Periodontal disease includes gingivitis (reddening of the gums) and periodontitis (loss of bone and soft tissue around the teeth). Effects within the oral cavity include damage to or loss of gum tissue and bone around the teeth, development of a hole (fistula) from the oral cavity into the nasal passages, fractures of the jaw following weakening of the jaw bone, and bone infection (osteomyelitis). Bacteria from the mouth can enter the bloodstream and be carried around the body. Studies in dogs suggest that periodontal disease is associated with pathogenic changes in the heart, liver, and kidneys.


Treatment of periodontal disease is multi-faceted. A professional dental cleaning may be recommended, which includes a thorough oral examination, scaling and polishing. Dental radiographs, extractions or home care may be required. In some instances, the tooth can be saved with advanced periodontal surgery performed by a specialist.

The best way to prevent periodontal disease is by instituting a consistent at-home care program of daily tooth brushing!

We provide complete dental care for your pet and we can address specific issues as needed.
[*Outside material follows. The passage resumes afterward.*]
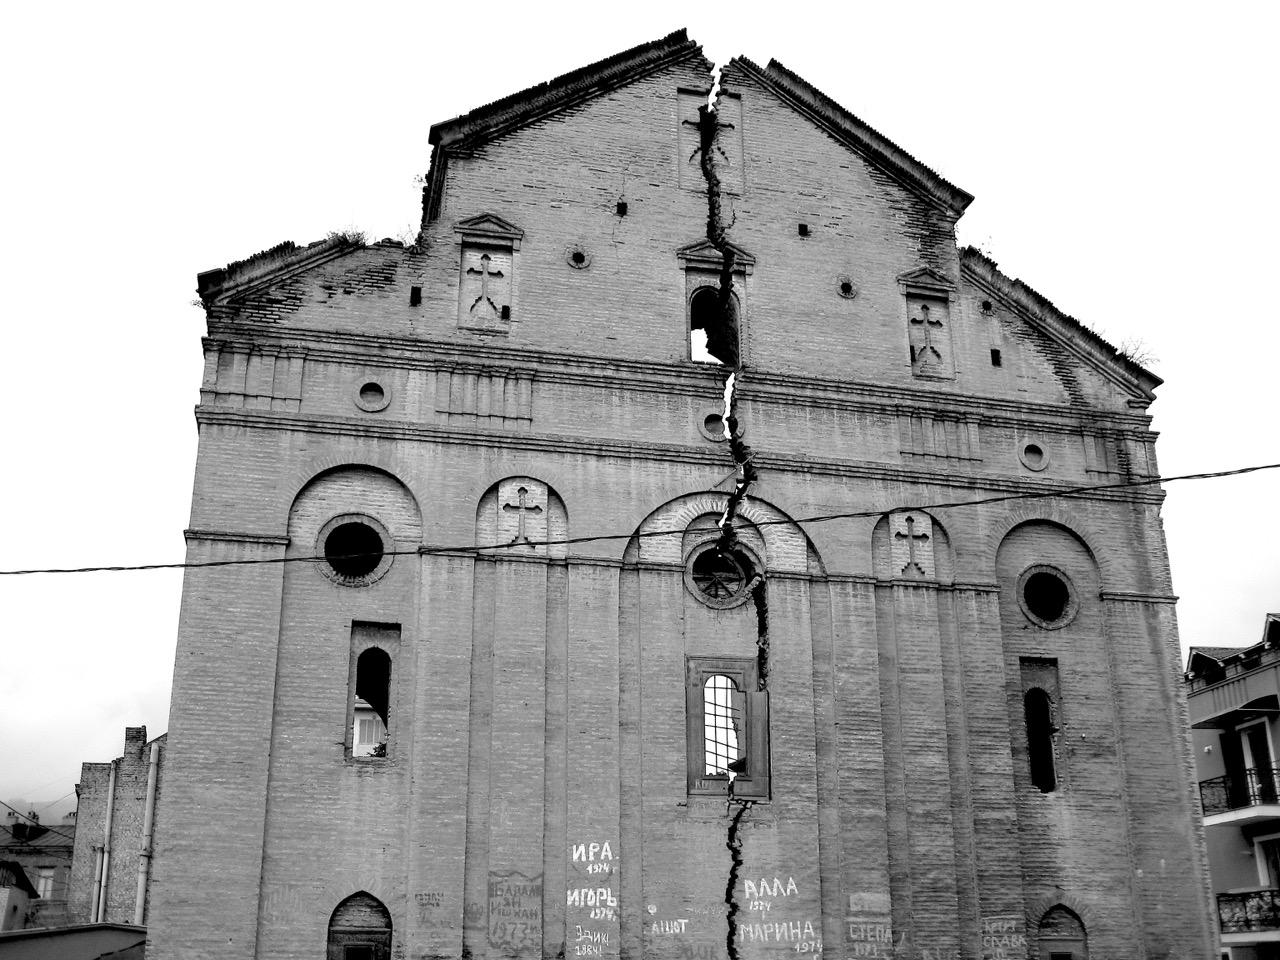 Foto: Riss. Aus: Eriwan. Kapitel 5. Aufzeichnungen aus Armenien von Marc Degens.

Every pet will receive a complete exam of the mouth, full-mouth radiographs, and a comprehensive cleaning and polishing of their teeth

Signs of oral and dental diseases in dogs and cats:

  • Bad Breath

  • Loose teeth or teeth that are discolored or covered in tartar

  • Your pet shies away from you when you touch the mouth area

  • Drooling or dropping food from the mouth

  • Bleeding from the mouth

  • Loss of appetite or loss of weight (this combination can result from diseases of many organs, and early veterinary examination is important).


Periodontal disease is

the most common clinical condition in adult dogs and cats and the severity of disease is often under-appreciated. It may cause problems in the oral cavity and may be associated with damage to internal organs in some patients as they age.